Valentina merita di essere felice, dopo i traumi che ha subito. Merita di essere amata, e Marco questo lo sa fare. Soprattutto, credo lo voglia fare.
E anche lui lo merita, dopo quello che ha passato con me.
 
Ho sbagliato, lo so. Avrei dovuto condividere con lui quello che stava succedendo. Perché questo si fa, in una coppia. Io l’ho impedito. E mi sono barricata dietro il solito muro per non ammetterlo. Quando l’ho fatto, avevo accettato di aspettare un altro solo per senso di responsabilità, ancora.
E se Marco alla fine ha accettato ciò che io continuavo a ripetere, non posso fargliene una colpa.
Amici, amici, amici.
Ma quando mai lo siamo stati? Lo hanno sempre saputo tutti, compresi noi.
Ma la paura e l’orgoglio sono una combinazione terribile, non portano mai a niente di buono.
Io, di paura, ne ho fin troppa. Non solo per gli sbagli che commetterei io, ma anche perché… a cosa è servito rischiare, finora?
Fin quando c’era Sergio, lo capivo. Ma quando lui non c’è più stato, e io avevo bisogno di Marco, lui c’è stato, almeno finché non sono riapparsi tutti i fantasmi del passato.
Perché le macchie ritornano sempre, indipendentemente dalla vernice che usi per coprirle. Anche se è quella giusta, ne serve più di una passata. E l’idea di dover risalire su una scala e ricominciare quando il lavoro sembrava finito non è facile.
Hai sempre il terrore che il problema si ripresenti a oltranza e quello che fai è inutile.

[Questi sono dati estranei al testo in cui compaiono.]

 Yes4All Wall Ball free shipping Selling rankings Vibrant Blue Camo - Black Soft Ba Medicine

Quella sera, quando mi ha proposto di mantenere la sua promessa, nonostante tutto, mi ero detta che forse c’era ancora una speranza. Che quell’abbraccio, a casa mia, fosse davvero il mio posto nel mondo, di nuovo.
Avevo accettato quel pennello e insieme avevamo coperto quella macchia che ci portavamo dietro da un po’, e ci credevo veramente, che stessimo ricominciando. Che il passato poteva restare passato.  

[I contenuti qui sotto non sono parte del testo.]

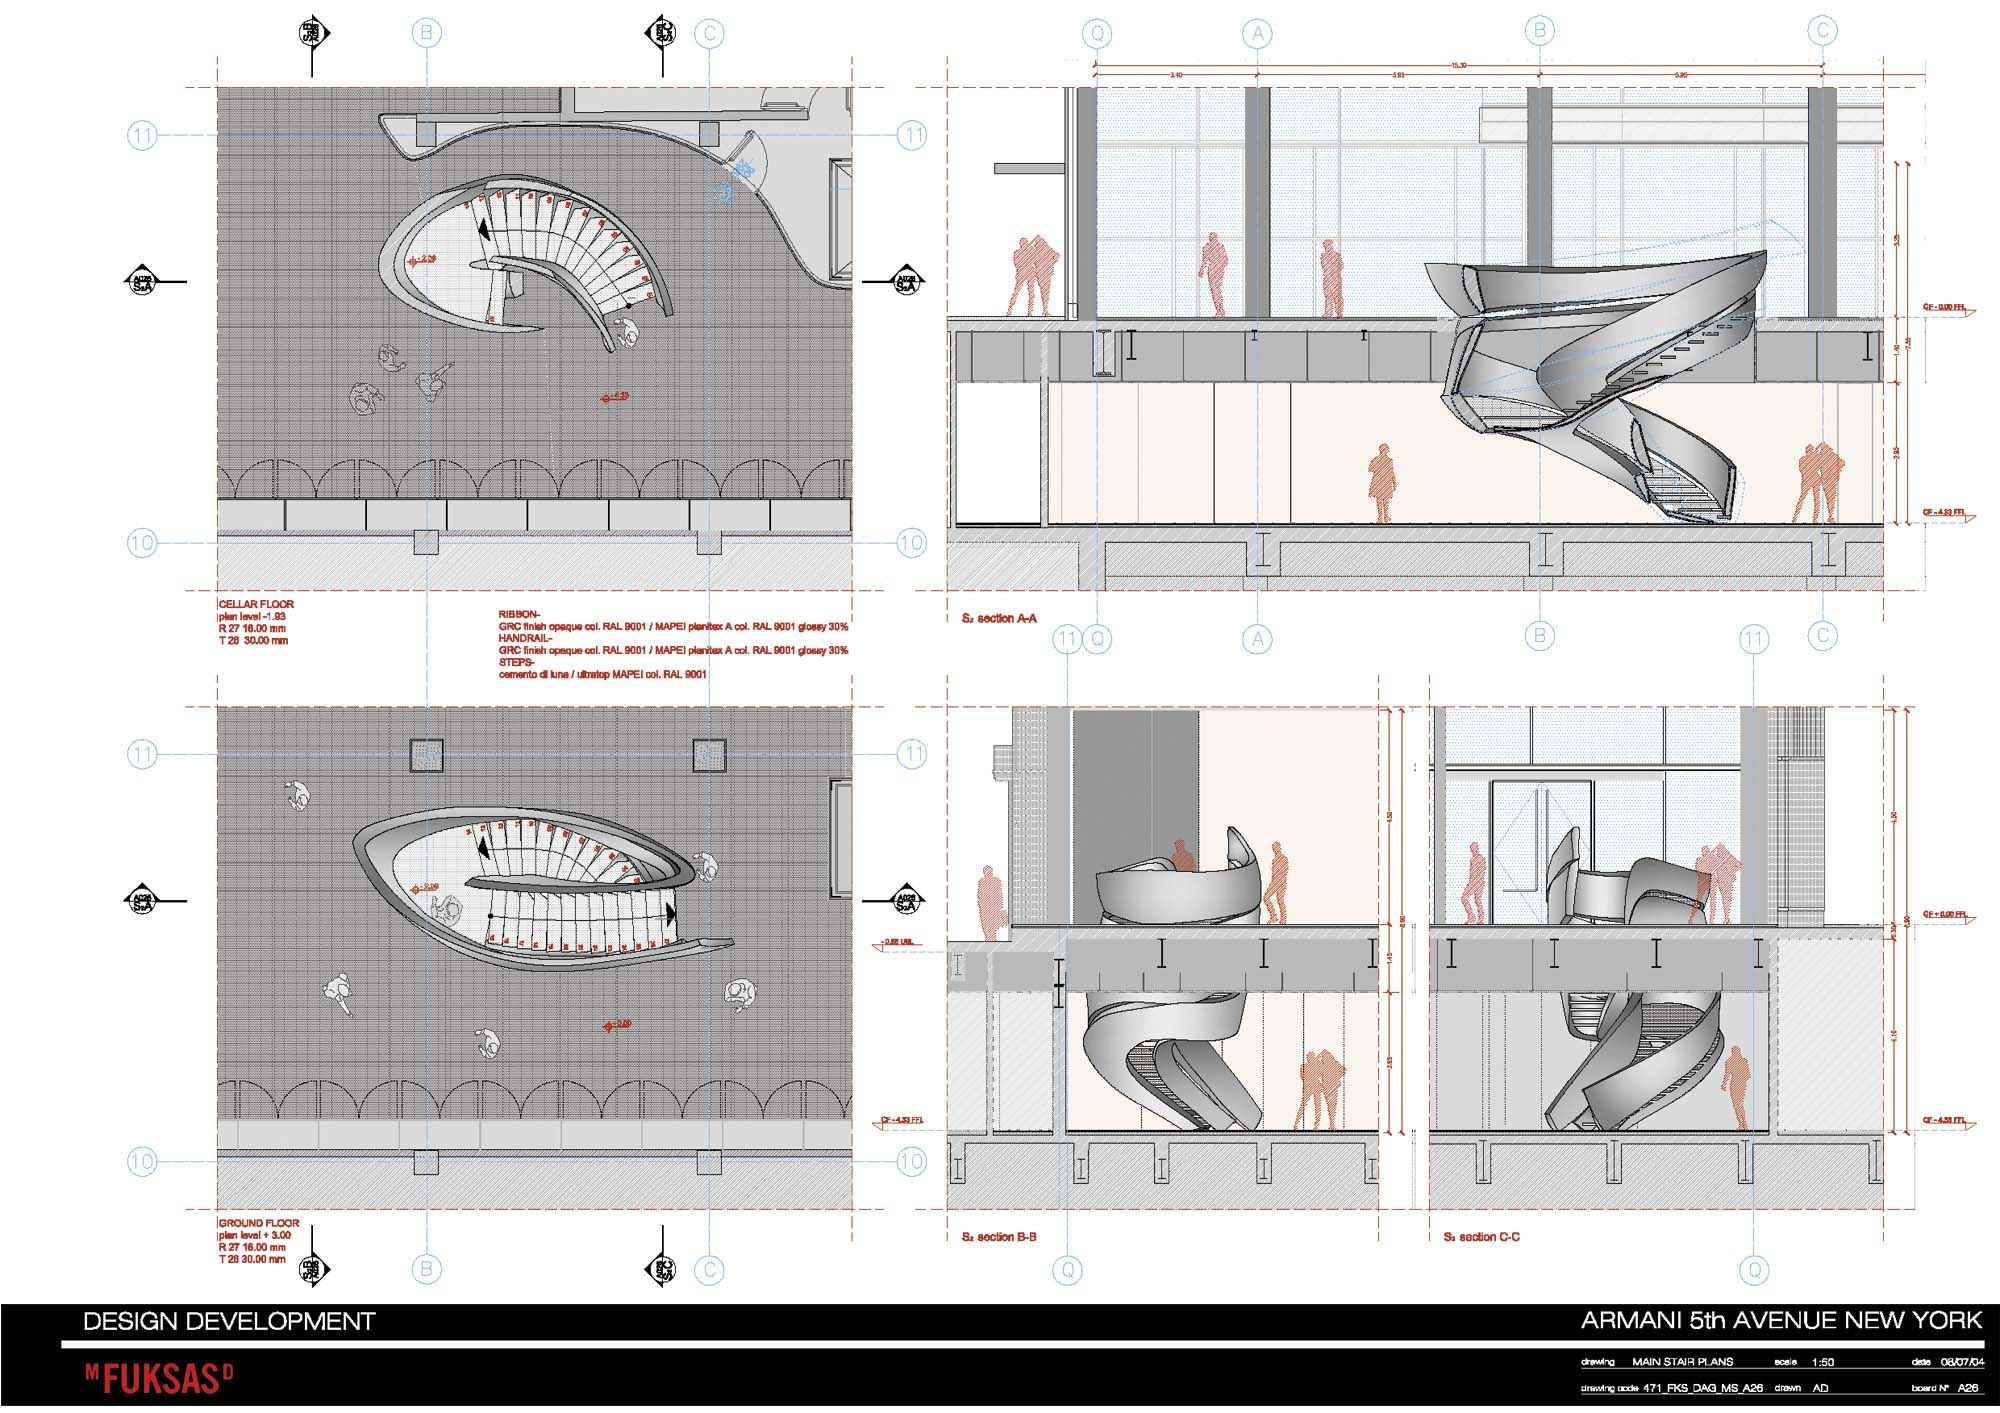 armani fifth ave massimiliano doriana fuksas stair. Black Bedroom Furniture Sets. Home Design Ideas

Ma quando mia madre mi aveva innocentemente informata che fosse tornata, prima del previsto, mi sono lasciata prendere dal panico.
E ho rifiutato l’aiuto di Marco di toglierla insieme ancora una volta.

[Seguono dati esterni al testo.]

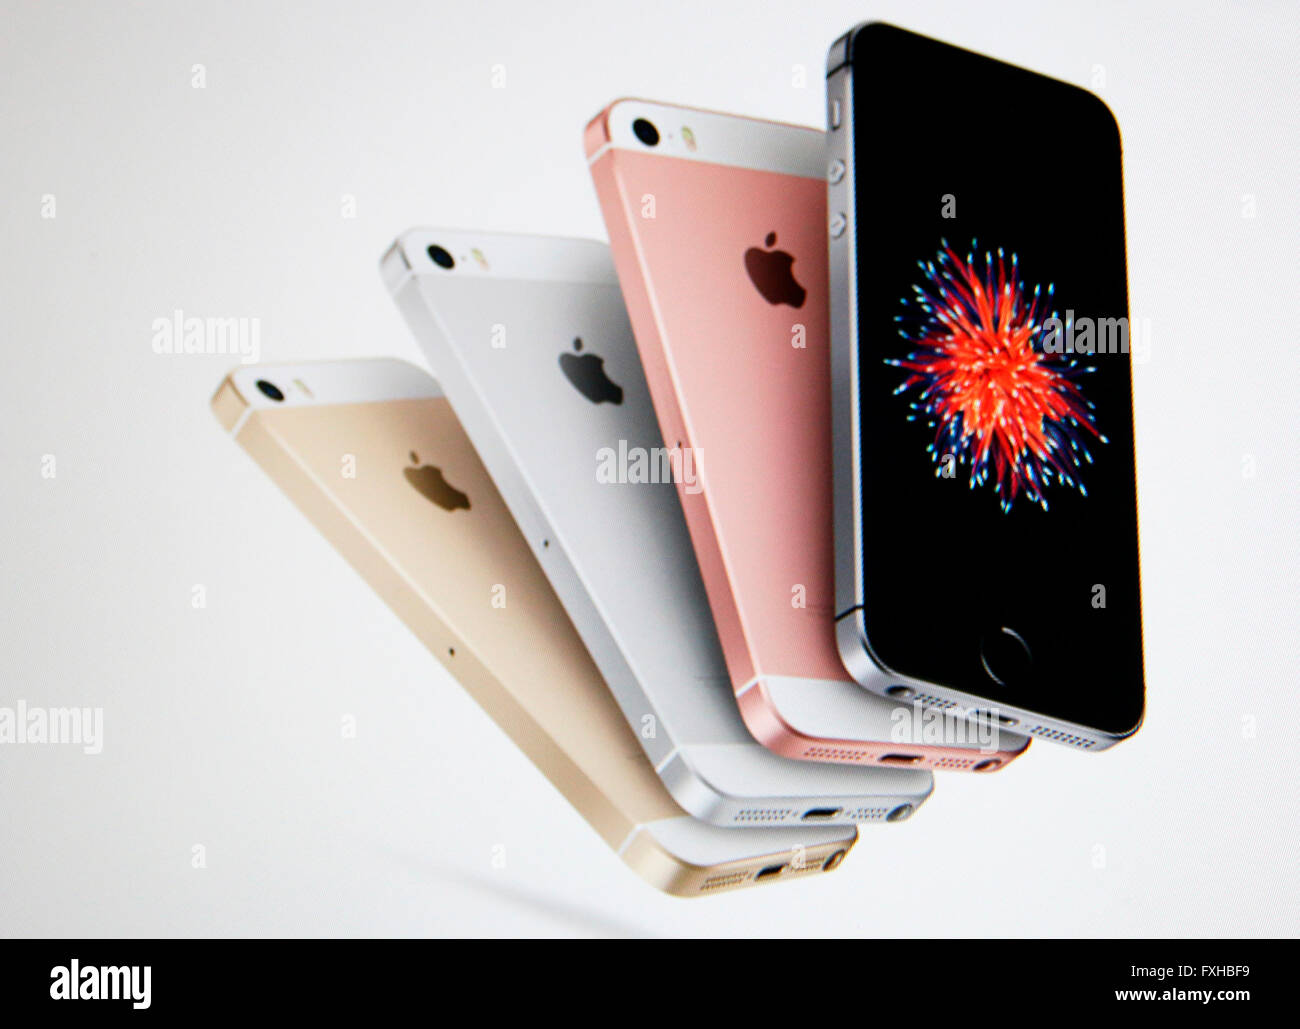 iPhone SE - Stock Image

Me ne sono pentita subito, e avevo sperato insistesse. Prima l’avrebbe fatto.
Invece no, ha annuito e basta.
Ho pensato che avesse avuto paura anche lui, e che in fondo lo capivo. Ci serviva un altro po’ di tempo per prendere di nuovo le misure e provarci.
Ma quando è successo quel casino col suo fratellastro, ho intuito che forse era tardi. Che avevo aspettato troppo, e avevo sprecato le mie occasioni.
Ci sarebbe stato un bacio che avrebbe significato l’ennesimo errore. Un errore vero, stavolta. Perché lui non aveva voluto. Si era evidentemente tirato indietro, non aveva impedito che me ne andassi, nonostante le mie intenzioni fossero state fin troppo palesi.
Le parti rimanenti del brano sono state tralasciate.